Stop codon readthrough (SCR) is the process of continuation of translation beyond the stop codon, generating protein isoforms with C-terminal extensions. SCR has been observed in viruses, fungi, and multicellular organisms, including mammals. However, SCR is largely unexplored in plants. In this study, we have analyzed ribosome profiling datasets to identify mRNAs that exhibit SCR in Arabidopsis thaliana. Analyses of the ribosome density, ribosome coverage, and three-nucleotide periodicity of the ribosome profiling reads in the mRNA region downstream of the stop codon provided strong evidence for SCR in mRNAs of 144 genes. We show that SCR generated putative evolutionarily conserved nuclear localization signals, transmembrane helices, and intrinsically disordered regions in the C-terminal extensions of several of these proteins. Furthermore, gene ontology functional enrichment analysis revealed that these 144 genes belong to three major functional groups—translation, photosynthesis, and abiotic stress tolerance.

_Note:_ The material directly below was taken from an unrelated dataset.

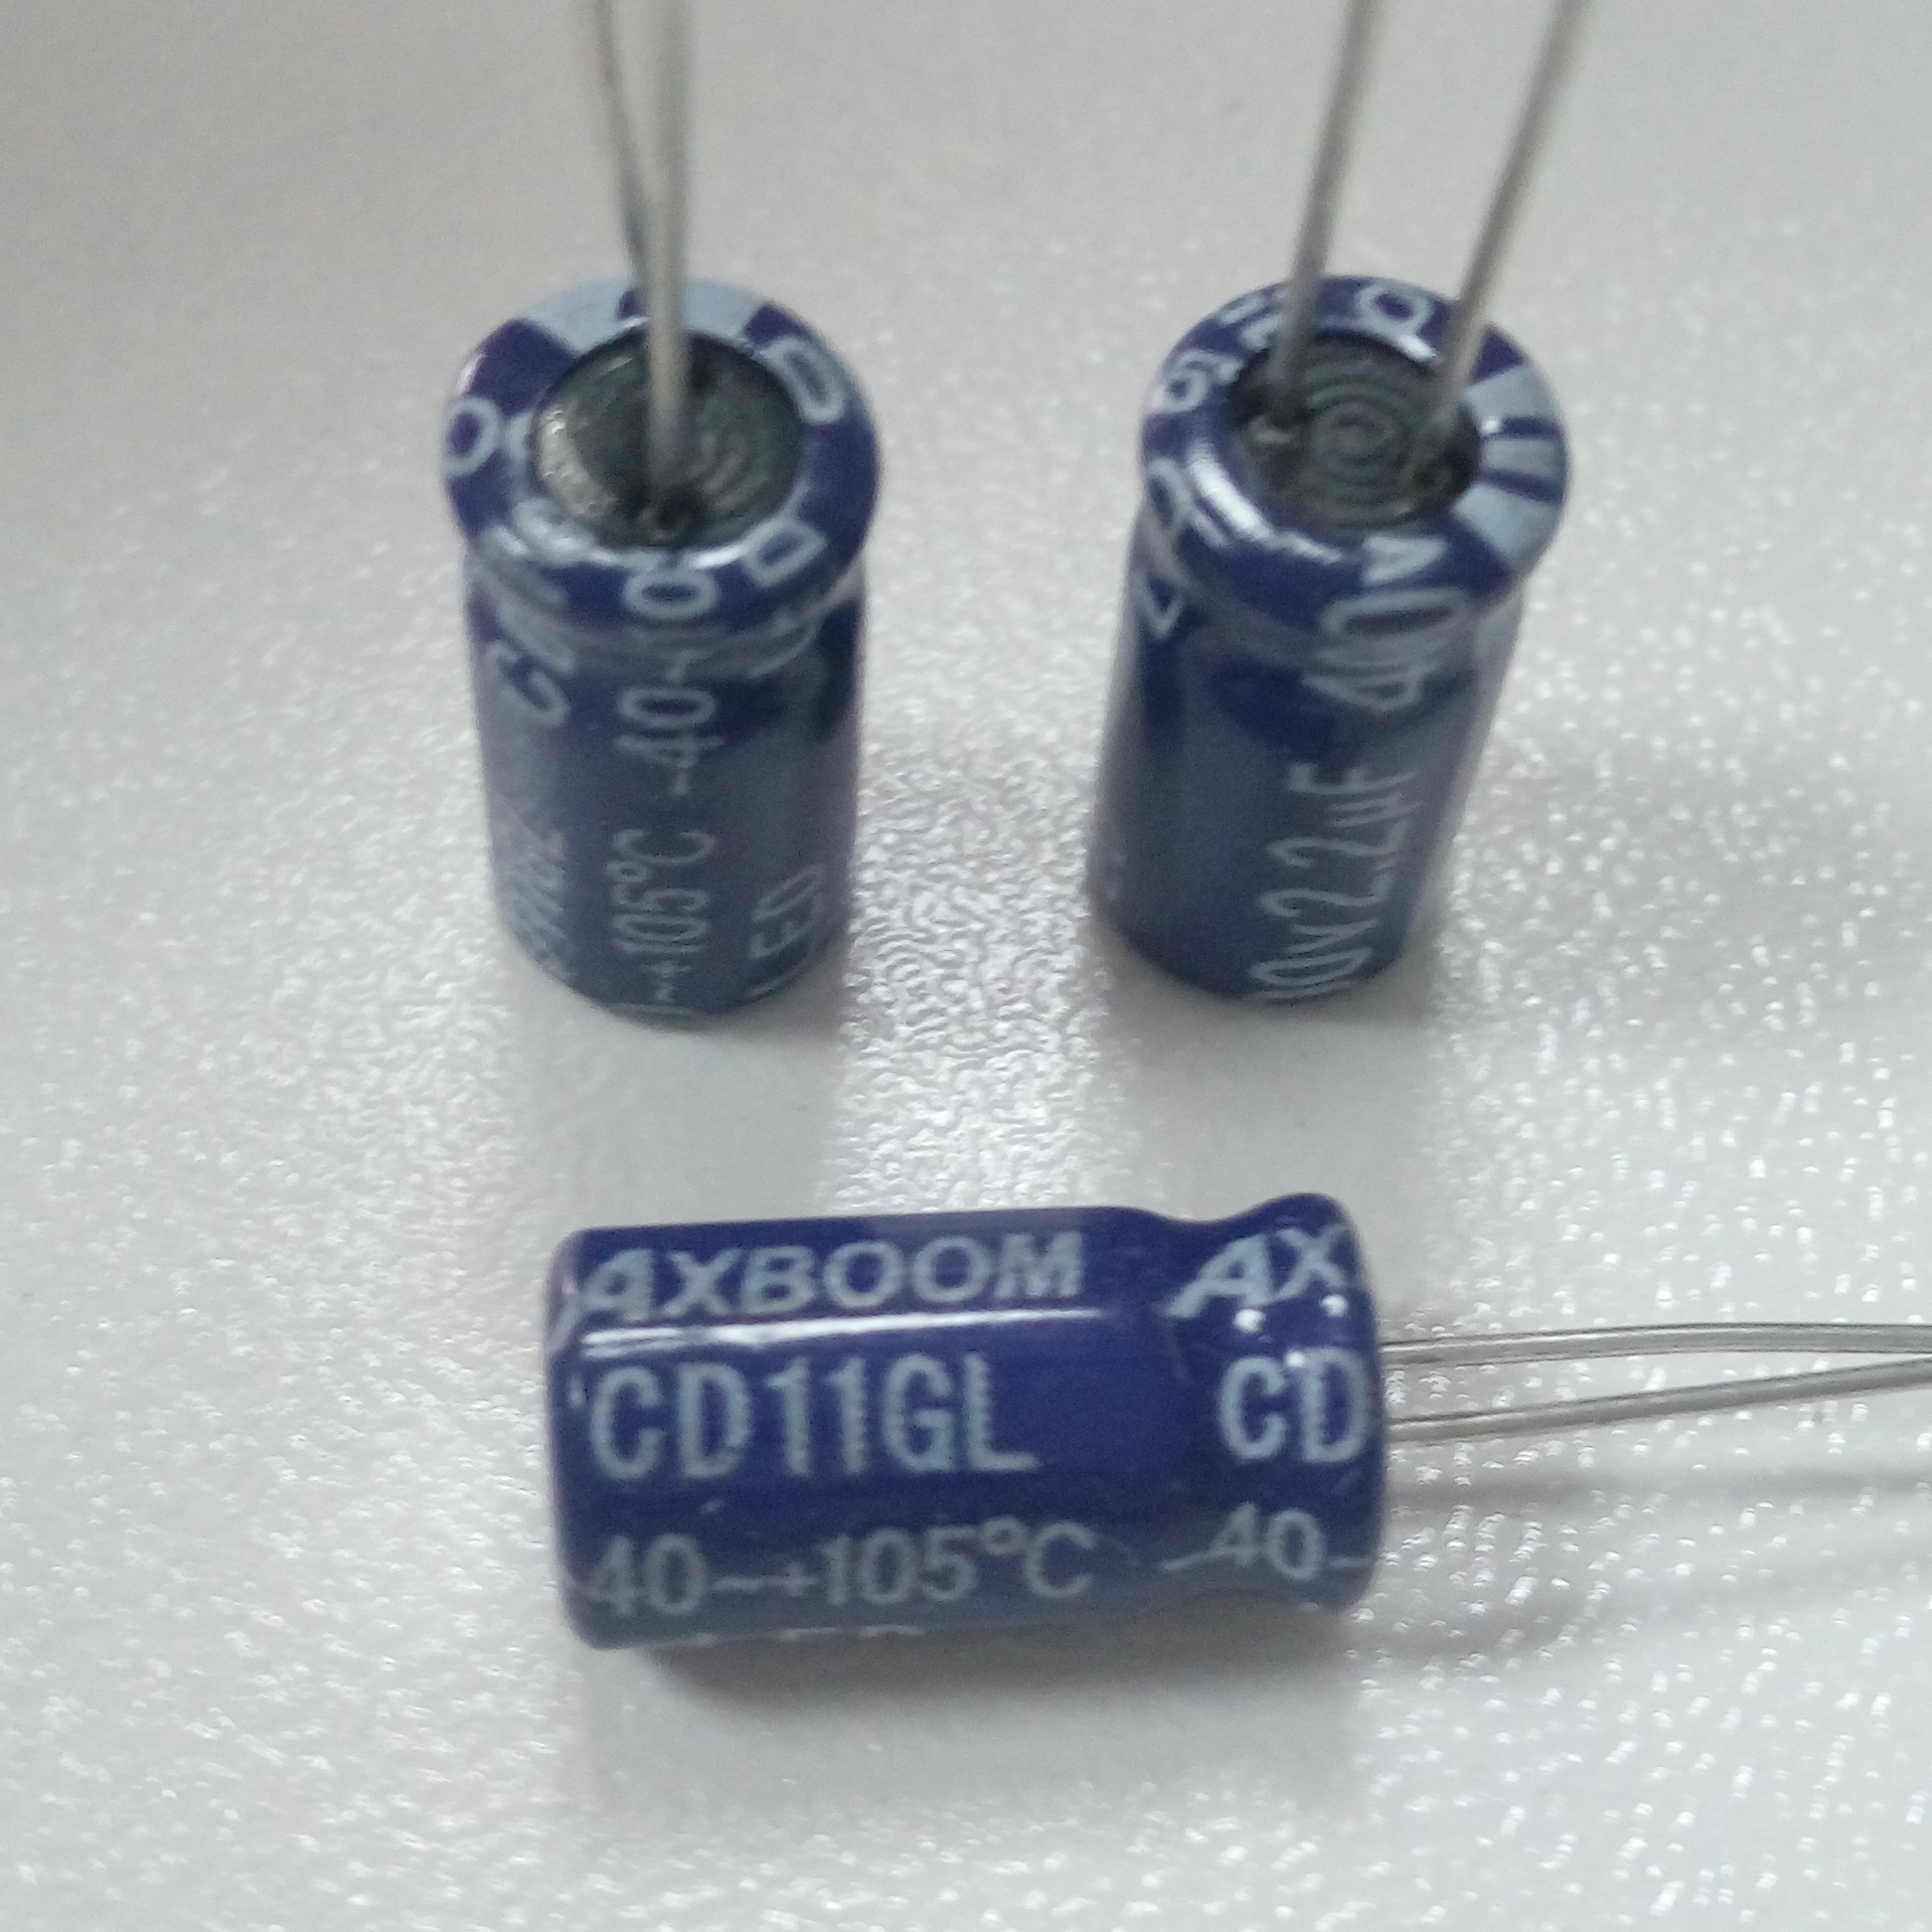 热销CD11GL 400V2.2UF插件电容器 ，可适用于快关、照明等电源配置器

Using a luminescence-based readthrough assay, we experimentally demonstrated SCR in representative mRNAs belonging to each of these functional classes. Finally, using microscopy, we show that the SCR product of one gene that contains a nuclear localization signal at the C-terminal extension, CURT1B, localizes to the nucleus as predicted. Based on these observations, we propose that SCR plays an important role in plant physiology by regulating protein localization and function.

终止密码子通读 (SCR) 是在终止密码子之外继续翻译的过程，产生具有 C 末端延伸的蛋白质同种型。已在病毒、真菌和多细胞生物（包括哺乳动物）中观察到 SCR。然而，SCR 在植物中很大程度上尚未开发。在这项研究中，我们分析了核糖体分析数据集，以识别在拟南芥中表现出 SCR 的 mRNA. 对终止密码子下游 mRNA 区域中核糖体分析读数的核糖体密度、核糖体覆盖率和三核苷酸周期性的分析为 144 个基因的 mRNA 中的 SCR 提供了强有力的证据。我们表明，SCR 在其中几种蛋白质的 C 末端延伸中产生推定的进化上保守的核定位信号、跨膜螺旋和本质上无序的区域。此外，基因本体功能富集分析表明，这 144 个基因属于三个主要功能组——翻译、光合作用和非生物胁迫耐受性。使用基于发光的通读分析，我们通过实验证明了属于这些功能类别中的每一个的代表性 mRNA 中的 SCR。最后，使用显微镜，CURT1B，如预测的那样定位于细胞核。基于这些观察，我们提出 SCR 通过调节蛋白质定位和功能在植物生理中发挥重要作用。